That afternoon, I locked myself in the bathroom and cried quietly into a towel so she wouldn't hear.
Not because she forgot me.
But because she forgot that she loved me.
And I didn't know which was worse
It was raining again.
Rain has become my least favorite sound.
I was on a work call when I noticed the house was too quiet.
Too still.
"Ma?" I called.
No answer.
Her slippers were missing from near the door.
My heart began to pound so hard I thought I might faint.
I ran outside barefoot.
The street was wet, empty, gray.
"Ma!" I shouted.
I checked the grocery shop. The temple. The park bench where she used to sit in the evenings.
Nothing.
With shaking hands, I called the police.
"How long has she been missing?"
"Thirty minutes," I said, but it felt like thirty years.
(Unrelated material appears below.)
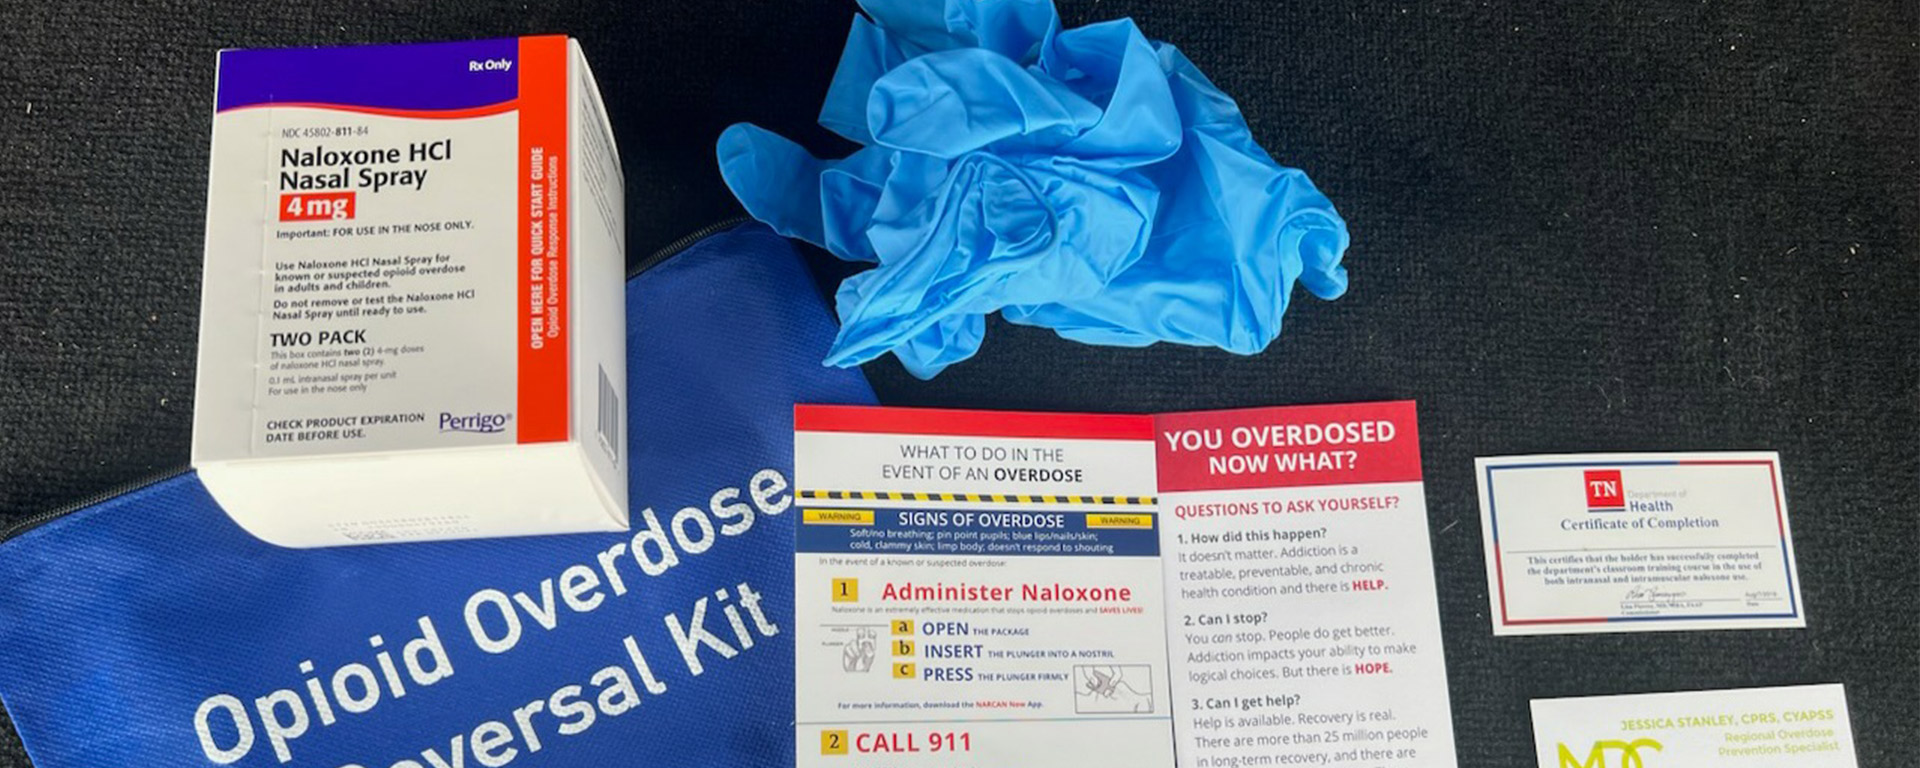 Narcan kit with all its contents.

They found her two hours later.
Two hours of imagining her alone, frightened, confused.
She was sitting at a bus stop six kilometers away.
When I reached her, she looked annoyed.
"Why did you follow me?" she snapped.
"I wasn't following you," I said, breathless. "You left home."
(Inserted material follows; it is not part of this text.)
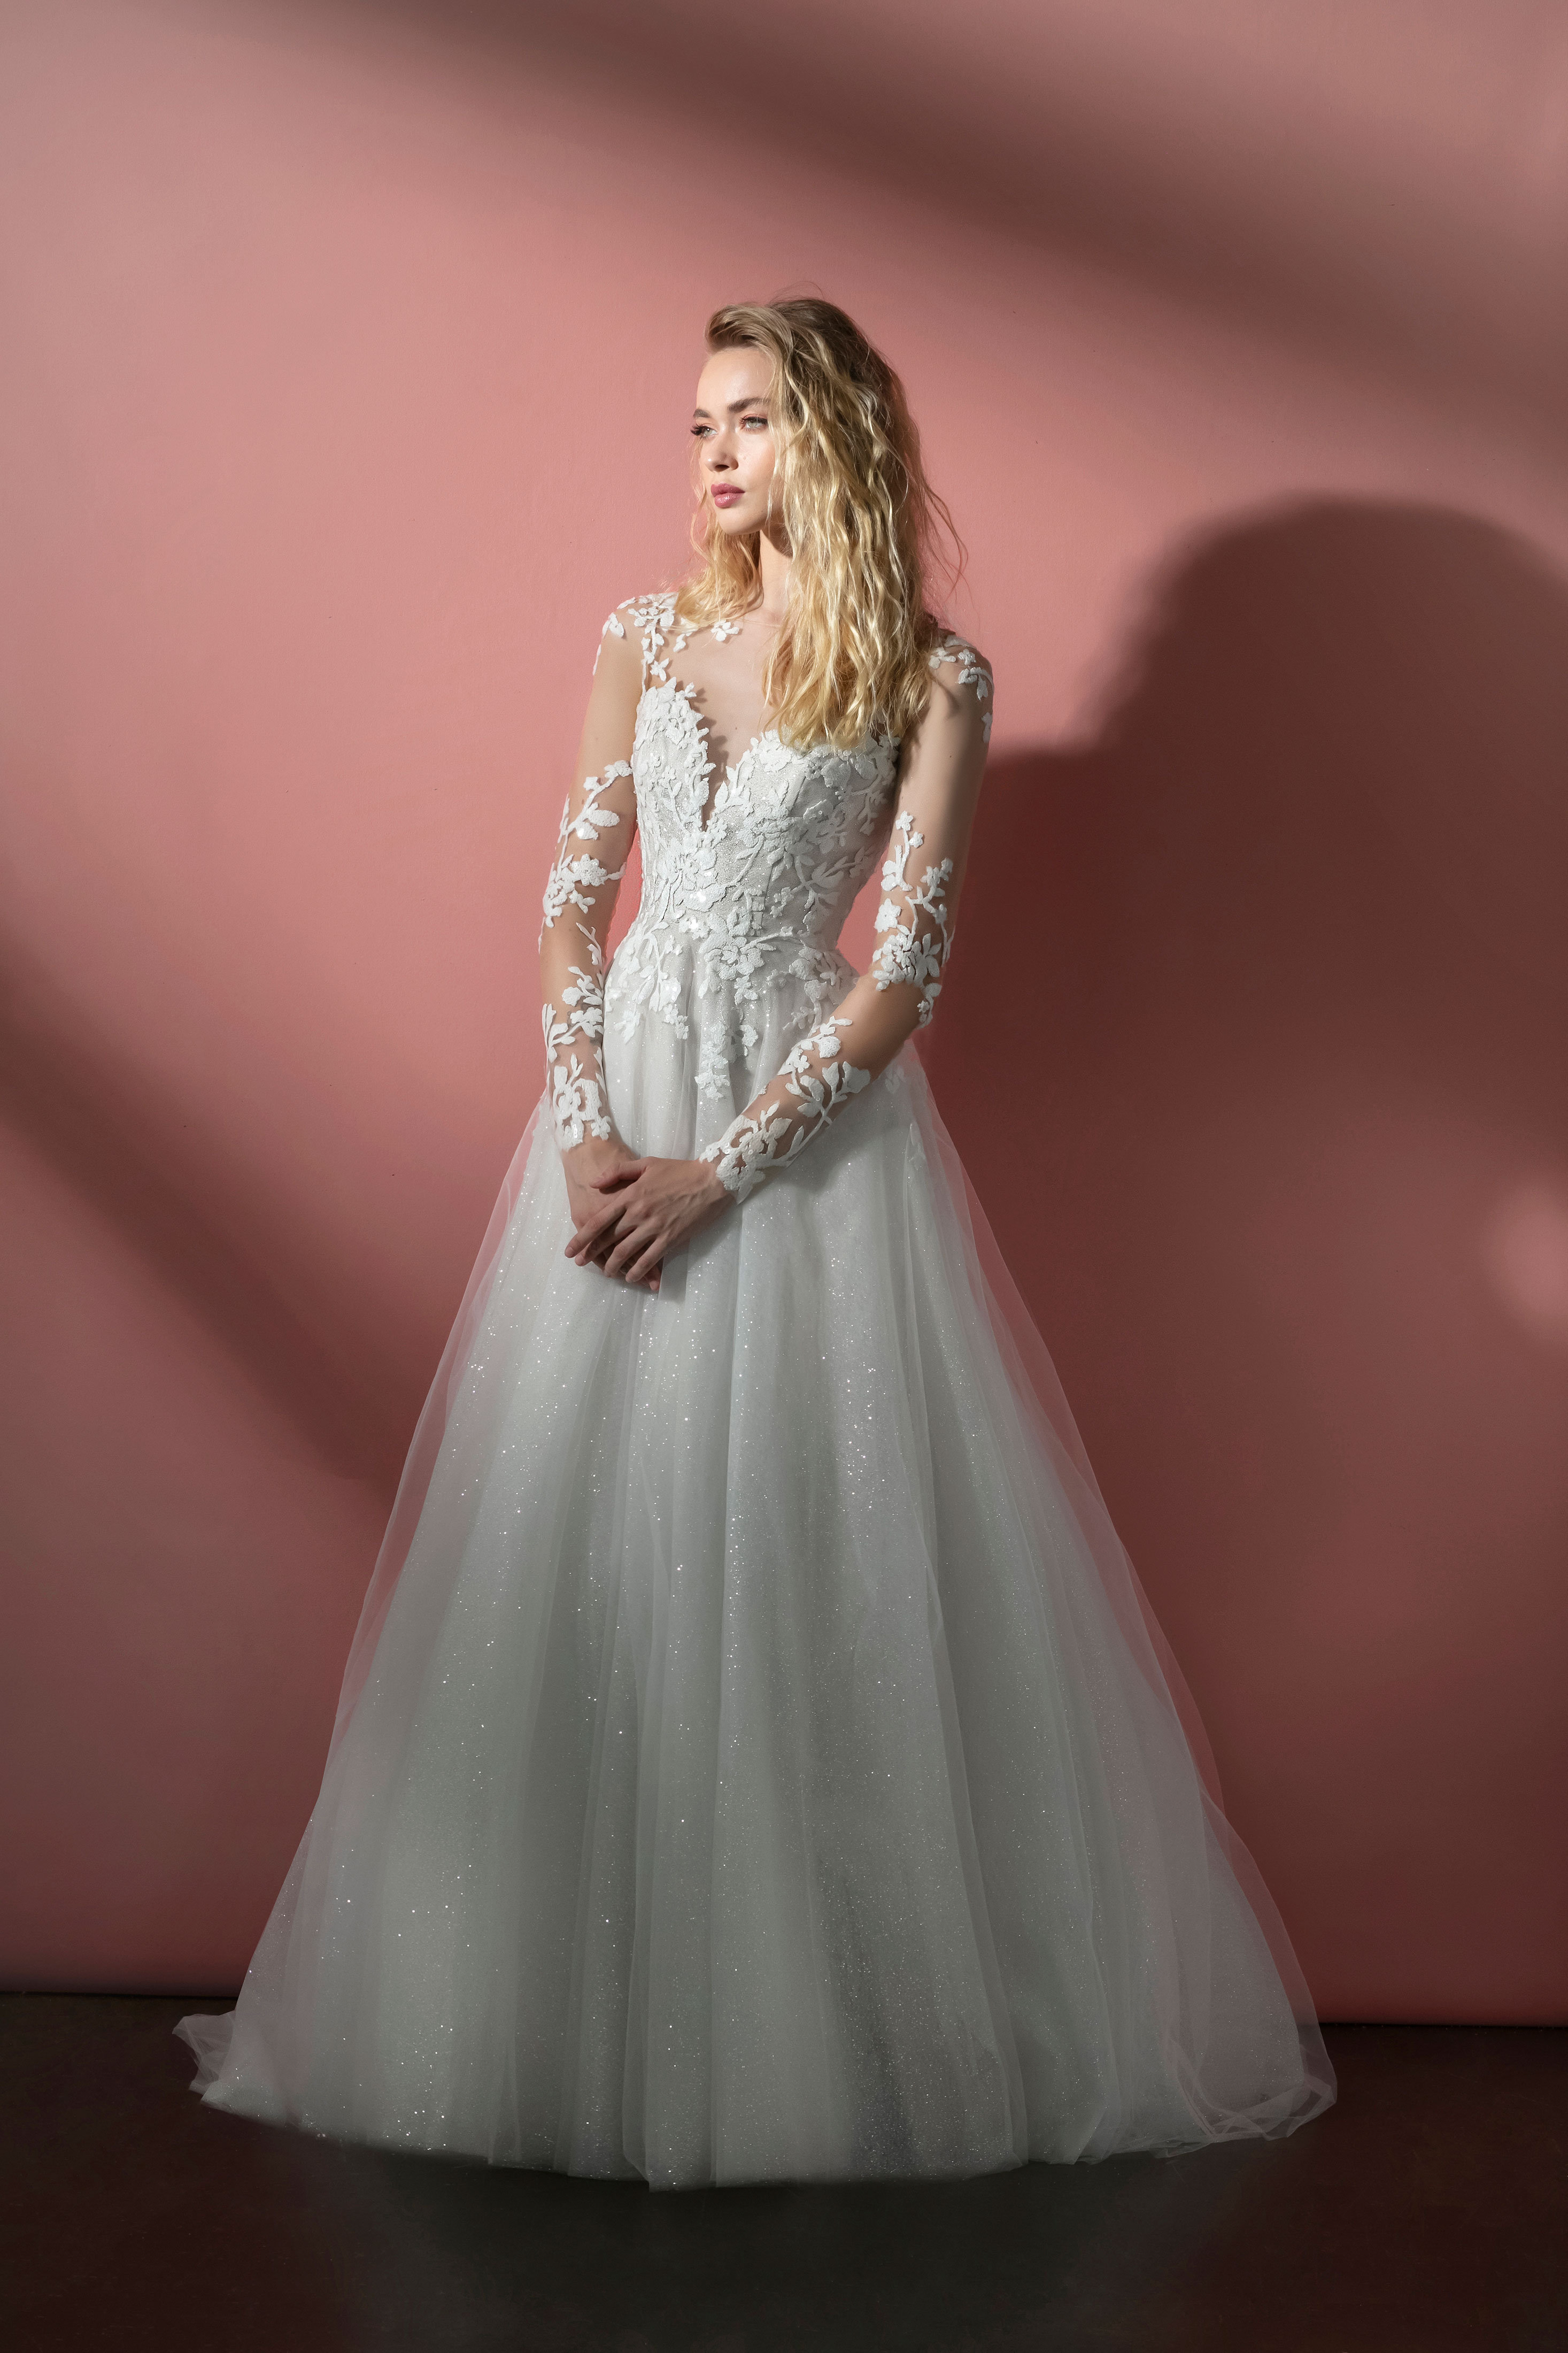 Bridal Gowns and Wedding Dresses by JLM

"I was going to pick up my daughter from school."
Her daughter.
Me.
I knelt in front of her, rain soaking my clothes.
"You don't have to pick her up anymore," I whispered.
"Why?" she asked.
I swallowed.
"Because she grew up."
She stared at me.
And for one second — just one — something shifted.
"Aarohi?" she whispered.
My tears mixed with the rain.
"Yes," I breathed. "Yes, Ma."
She touched my face.
Then her expression clouded again.
"You look like someone I used to know."
And that hurt more than if she had said nothing at all.